Copy nothing from the entries below except the lines from the one containing "Author Evelyn Skye with a copy of DAMSEL" through the one containing "A Vauxhall Campervan", and copy those exactly.

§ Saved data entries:
*** Begin section ***
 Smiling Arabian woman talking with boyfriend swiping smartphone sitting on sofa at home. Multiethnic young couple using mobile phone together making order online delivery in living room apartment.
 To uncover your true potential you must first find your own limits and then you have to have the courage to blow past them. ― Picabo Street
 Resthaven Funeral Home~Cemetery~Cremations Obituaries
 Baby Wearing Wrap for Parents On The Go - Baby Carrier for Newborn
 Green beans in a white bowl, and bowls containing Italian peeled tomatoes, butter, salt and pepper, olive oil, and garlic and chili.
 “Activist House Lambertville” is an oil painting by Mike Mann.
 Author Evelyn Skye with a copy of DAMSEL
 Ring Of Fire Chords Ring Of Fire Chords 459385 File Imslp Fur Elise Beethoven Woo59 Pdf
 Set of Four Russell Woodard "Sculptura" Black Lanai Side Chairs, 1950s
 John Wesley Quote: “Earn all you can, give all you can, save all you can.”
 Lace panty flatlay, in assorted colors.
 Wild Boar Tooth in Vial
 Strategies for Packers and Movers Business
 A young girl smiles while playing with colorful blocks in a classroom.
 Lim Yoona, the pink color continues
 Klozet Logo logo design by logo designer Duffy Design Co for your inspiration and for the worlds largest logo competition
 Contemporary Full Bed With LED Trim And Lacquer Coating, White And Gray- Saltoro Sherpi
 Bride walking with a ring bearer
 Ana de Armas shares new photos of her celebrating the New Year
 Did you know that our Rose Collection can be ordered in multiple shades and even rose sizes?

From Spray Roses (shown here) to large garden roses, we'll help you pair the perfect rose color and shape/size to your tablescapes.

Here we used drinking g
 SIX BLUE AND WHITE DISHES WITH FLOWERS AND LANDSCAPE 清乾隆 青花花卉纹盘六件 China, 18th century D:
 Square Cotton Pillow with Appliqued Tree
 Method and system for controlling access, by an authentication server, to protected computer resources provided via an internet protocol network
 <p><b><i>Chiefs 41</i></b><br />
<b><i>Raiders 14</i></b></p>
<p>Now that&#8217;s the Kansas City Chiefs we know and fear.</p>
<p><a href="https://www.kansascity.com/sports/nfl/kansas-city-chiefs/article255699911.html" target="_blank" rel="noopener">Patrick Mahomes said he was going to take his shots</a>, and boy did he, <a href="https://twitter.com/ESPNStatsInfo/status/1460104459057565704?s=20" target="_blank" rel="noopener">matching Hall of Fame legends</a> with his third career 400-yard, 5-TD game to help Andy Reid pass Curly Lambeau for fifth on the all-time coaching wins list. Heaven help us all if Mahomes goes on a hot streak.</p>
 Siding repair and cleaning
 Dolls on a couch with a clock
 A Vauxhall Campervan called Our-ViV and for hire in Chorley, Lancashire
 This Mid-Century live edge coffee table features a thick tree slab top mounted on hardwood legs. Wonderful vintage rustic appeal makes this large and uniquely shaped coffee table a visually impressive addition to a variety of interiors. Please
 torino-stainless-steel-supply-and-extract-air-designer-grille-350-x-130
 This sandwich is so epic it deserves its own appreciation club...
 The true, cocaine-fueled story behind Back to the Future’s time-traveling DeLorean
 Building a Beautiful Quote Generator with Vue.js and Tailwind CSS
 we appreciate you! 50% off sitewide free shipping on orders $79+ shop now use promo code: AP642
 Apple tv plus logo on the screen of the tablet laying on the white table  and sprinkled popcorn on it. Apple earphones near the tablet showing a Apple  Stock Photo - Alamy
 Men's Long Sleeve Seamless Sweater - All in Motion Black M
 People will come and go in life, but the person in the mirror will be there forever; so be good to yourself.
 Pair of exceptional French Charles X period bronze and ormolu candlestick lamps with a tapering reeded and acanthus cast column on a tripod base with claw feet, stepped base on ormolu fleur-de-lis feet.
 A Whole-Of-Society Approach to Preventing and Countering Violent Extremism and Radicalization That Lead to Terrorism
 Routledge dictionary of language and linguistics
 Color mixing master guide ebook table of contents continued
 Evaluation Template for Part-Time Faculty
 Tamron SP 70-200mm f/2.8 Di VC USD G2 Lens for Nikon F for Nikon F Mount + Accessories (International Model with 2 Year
*** End section ***
§ Task output:
 Author Evelyn Skye with a copy of DAMSEL
 Ring Of Fire Chords Ring Of Fire Chords 459385 File Imslp Fur Elise Beethoven Woo59 Pdf
 Set of Four Russell Woodard "Sculptura" Black Lanai Side Chairs, 1950s
 John Wesley Quote: “Earn all you can, give all you can, save all you can.”
 Lace panty flatlay, in assorted colors.
 Wild Boar Tooth in Vial
 Strategies for Packers and Movers Business
 A young girl smiles while playing with colorful blocks in a classroom.
 Lim Yoona, the pink color continues
 Klozet Logo logo design by logo designer Duffy Design Co for your inspiration and for the worlds largest logo competition
 Contemporary Full Bed With LED Trim And Lacquer Coating, White And Gray- Saltoro Sherpi
 Bride walking with a ring bearer
 Ana de Armas shares new photos of her celebrating the New Year
 Did you know that our Rose Collection can be ordered in multiple shades and even rose sizes?

From Spray Roses (shown here) to large garden roses, we'll help you pair the perfect rose color and shape/size to your tablescapes.

Here we used drinking g
 SIX BLUE AND WHITE DISHES WITH FLOWERS AND LANDSCAPE 清乾隆 青花花卉纹盘六件 China, 18th century D:
 Square Cotton Pillow with Appliqued Tree
 Method and system for controlling access, by an authentication server, to protected computer resources provided via an internet protocol network
 <p><b><i>Chiefs 41</i></b><br />
<b><i>Raiders 14</i></b></p>
<p>Now that&#8217;s the Kansas City Chiefs we know and fear.</p>
<p><a href="https://www.kansascity.com/sports/nfl/kansas-city-chiefs/article255699911.html" target="_blank" rel="noopener">Patrick Mahomes said he was going to take his shots</a>, and boy did he, <a href="https://twitter.com/ESPNStatsInfo/status/1460104459057565704?s=20" target="_blank" rel="noopener">matching Hall of Fame legends</a> with his third career 400-yard, 5-TD game to help Andy Reid pass Curly Lambeau for fifth on the all-time coaching wins list. Heaven help us all if Mahomes goes on a hot streak.</p>
 Siding repair and cleaning
 Dolls on a couch with a clock
 A Vauxhall Campervan called Our-ViV and for hire in Chorley, Lancashire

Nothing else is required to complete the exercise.